▸ **SOURCE DATA**:
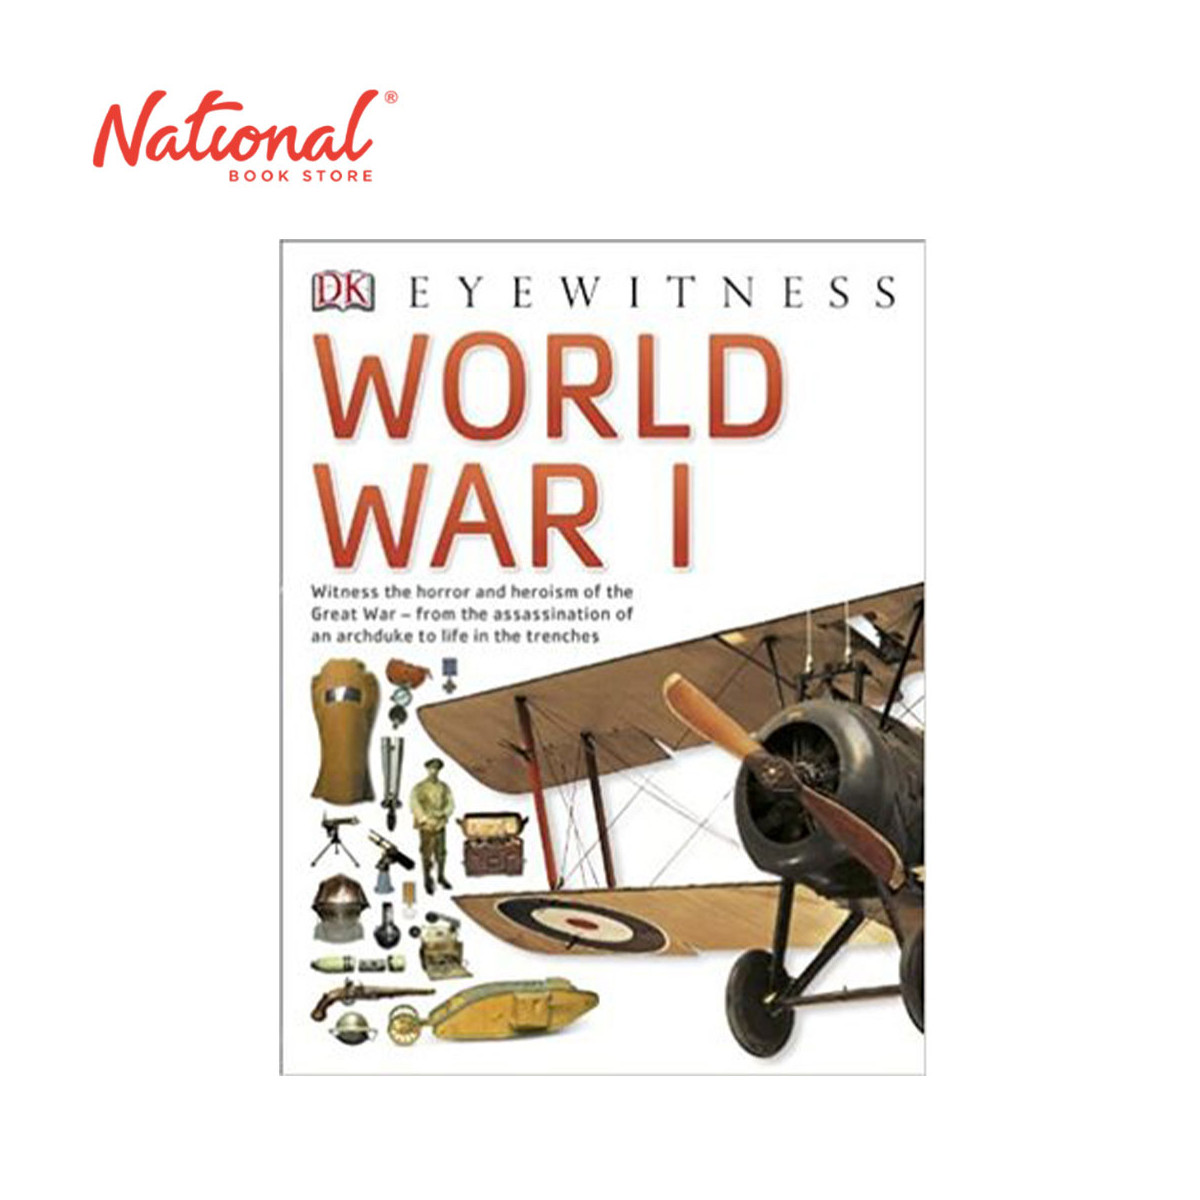 DK Eyewitness: World War I by Various Authors - Trade Paperback - History & Biography
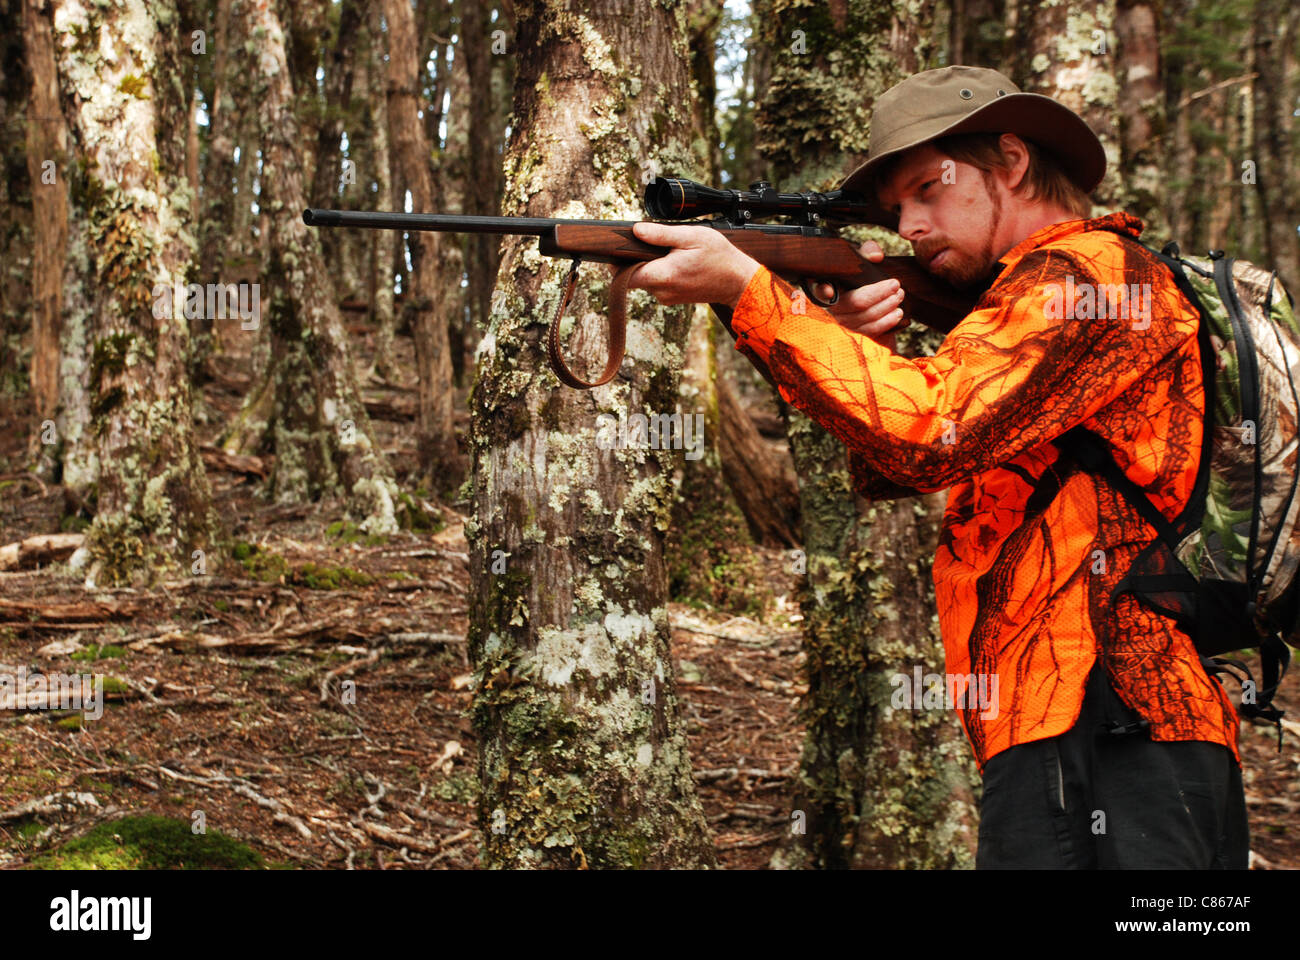 hunter wearing blaze safety clothing aiming rifle in forest Stock Photo
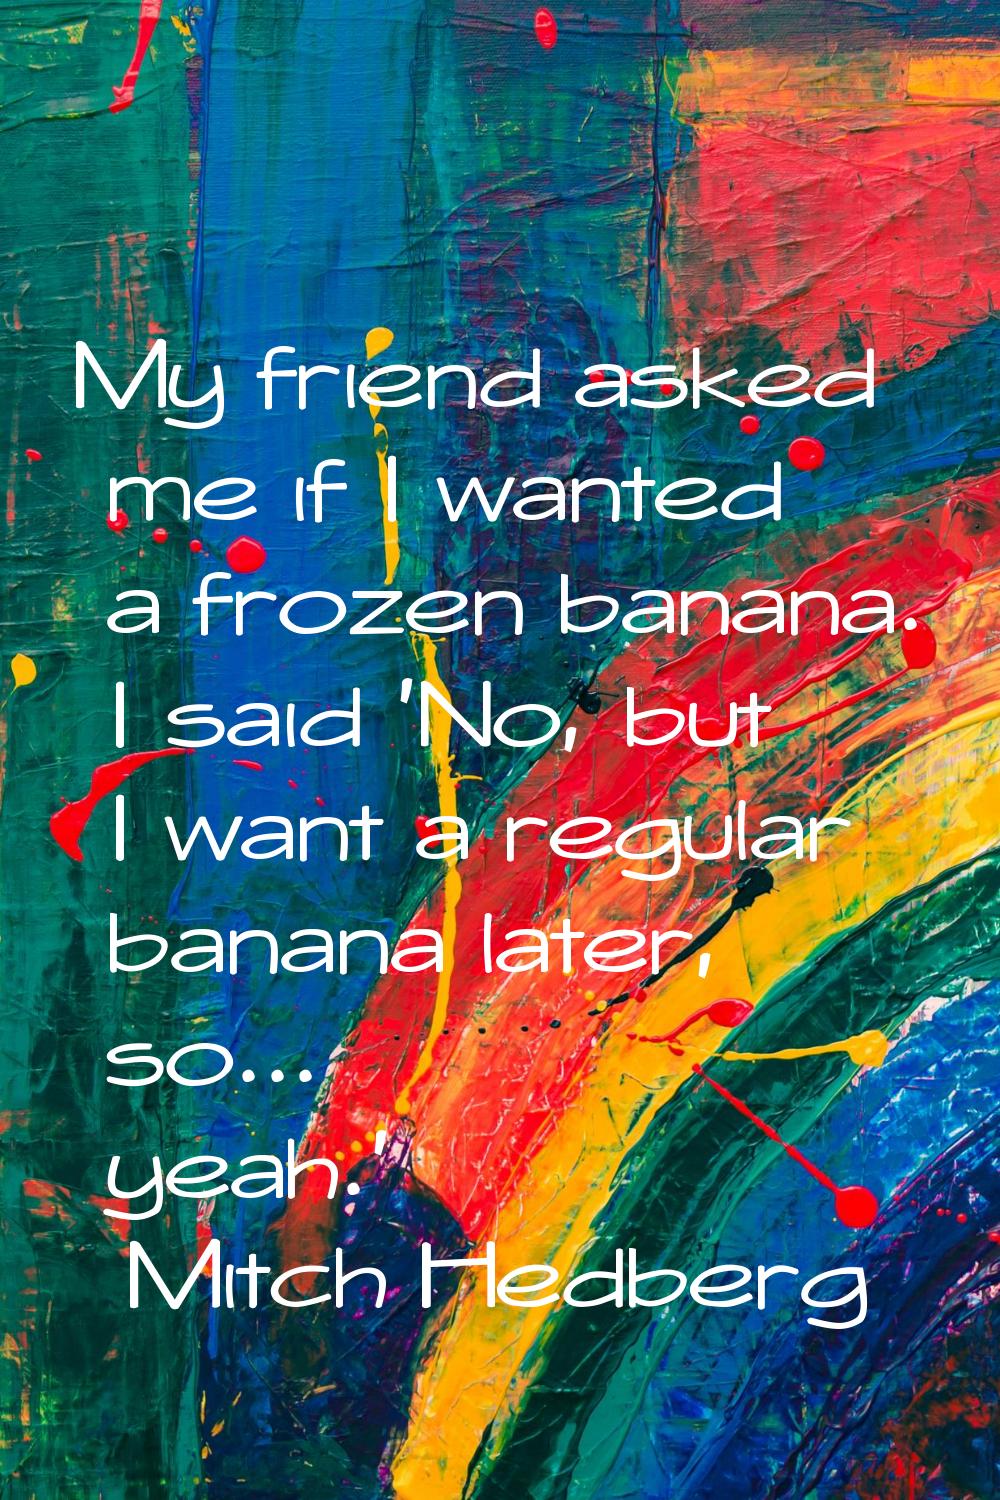 My friend asked me if I wanted a frozen banana. I said 'No, but I want a regular banana later, so..

▸ **TASK ITEM**: Could you restate exactly the lines from the line containing "hunter wearing blaze" through the end of the listing, both ends included and nothing else, leaving the images out?

▸ **COMPLETED EXERCISE**:
 hunter wearing blaze safety clothing aiming rifle in forest Stock Photo
 My friend asked me if I wanted a frozen banana. I said 'No, but I want a regular banana later, so..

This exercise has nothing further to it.